Мы помолчали, я ехал мимо Пезельдорфервег, мимо многочисленных красивых вилл по правой стороне улицы и темного парка и воды по левой стороне. Я миновал Альстер-шоссе, продолжение которого, уходящее в парк, называется Фэрдамм.
Я знал, что Фэрдамм ведет к причалу парома, который был меньше, чем ходящие по Альстер теплоходы. Днем он все время курсировал между парком и домом паромщика в Уленхорсте на другой стороне озера Альстер. Возле причала стояла маленькая будка паромщика. Сейчас, конечно, паром не ходил, а летом там можно было видеть множество пестрых столиков и шезлонгов под кронами деревьев.
На правой стороне улицы между фешенебельными виллами возвышалась череда монументальных зданий: концерн «Райхольд Альберт Хеми», Главный финансовый комитет Гамбурга, Государственный институт музыки и изобразительных искусств, Британское Генеральное консульство, а внизу, на Альте-Рабенштрассе, находилось Немецкое граммофонное общество…
Ирина произнесла:
— Наверное, мертвые остаются хорошими, пока они мертвы, и снова становятся злыми, когда возвращаются в жизнь?
— Ирина! — возмутился я. — И вы туда же?
— Нет-нет, — смутилась она. — Слишком много виски, шока и страха. Из-за этого я несу такую чушь.
— Нам нужно сохранять ясную голову, — сказал Берти. — Одной сумасшедшей достаточно во всей этой истории. Дайка мне бутылку, Вальтер. Вот скотство, как же этот мерзавец дал мне по башке!
— Ну, ты ему тоже, — заметил я.
— Да уж, — улыбнулся Берти своей ангельской улыбкой и отхлебнул из бутылки. — Я ему тоже пару раз знатно врезал, скажи?
— Первоклассно, старичок, — сказал я, переехав на другую сторону улицы. Мы доехали до отеля «Метрополь». Я остановился у входа. За нами притормозило такси с русским водителем. Из отеля вышел знакомый мне служащий. Мы пожали друг другу руки. Он занялся нашим багажом и моими костюмами, а этот русский — Владимир Иванов — ему помогал.

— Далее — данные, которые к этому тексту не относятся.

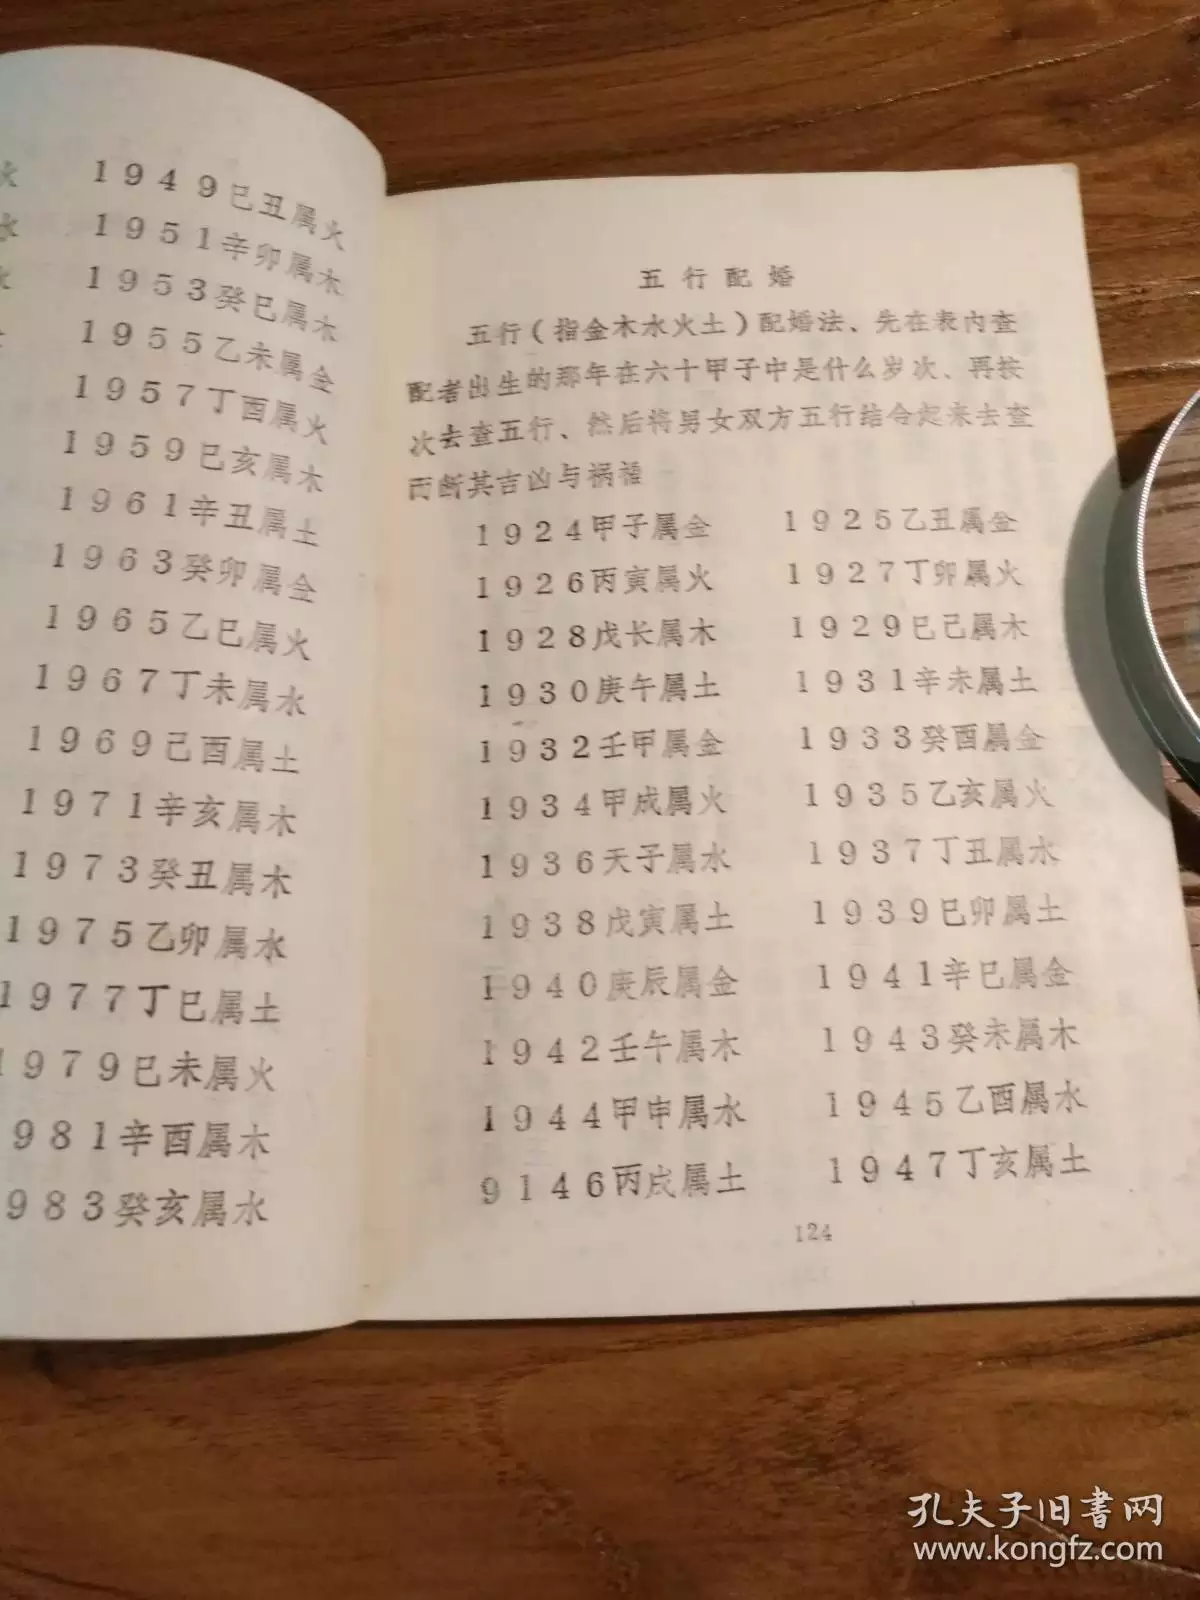 4、男女命合婚表:中国古代男女婚配表。

У Иванова было весьма приятное лицо, он был очень дружелюбен. Я поблагодарил его и дал денег, довольно много. Сначала он не хотел брать, потом, разумеется, взял. Он протянул мне визитную карточку со своей фамилией и номером его такси с радиосвязью и пояснил:
— Там стоит телефон диспетчерской. Я сейчас посплю пару часов, не больше. Если вам завтра, я имею в виду — сегодня утром, понадобится такси, закажите меня. Я вас отвезу куда угодно. Я надежный.
— Да, — согласился я, — мы это заметили.
— А дела идут не слишком хорошо, — добавил он. — Вы вспомните обо мне, господин?
«Почему бы и нет», — подумал я и произнес:
— Непременно.
3
Номер люкс 423 в отеле «Метрополь» представлял собой полную противоположность барачной комнатке фройляйн Луизы, где я впервые увидел Ирину. Я все время возвращался в мыслях к этой каморке. Если она олицетворяла собою нищету, то этот номер — богатство ФРГ. Все окна выходили в парк. Через переднюю вы попадали в салон, откуда мягкая обитая дверь вела в спальню. Из спальни можно было пройти в ванную — синий кафель, пол с подогревом, две ванны и две раковины огромных размеров. Спальня и салон были обиты темно-синими шелковыми обоями с вышитыми лилиями, полы были устланы коврами поверх синего велюра; изысканная мебель, белые потолки с лепниной и плотные шторы из синей камки довершали картину роскоши. Ложе было немыслимых размеров, как и полагается французским двуспальным кроватям, с кремовыми деревянными спинками, позолоченными сверху. В салоне стоял диван. В обеих комнатах были и хрустальные люстры, и торшеры, и интимная подсветка — на любой вкус. Ну и, разумеется, электрические подсвечники на стенах. В салоне висели старинные офорты с видами Гамбурга, в спальне — репродукции картин Буше.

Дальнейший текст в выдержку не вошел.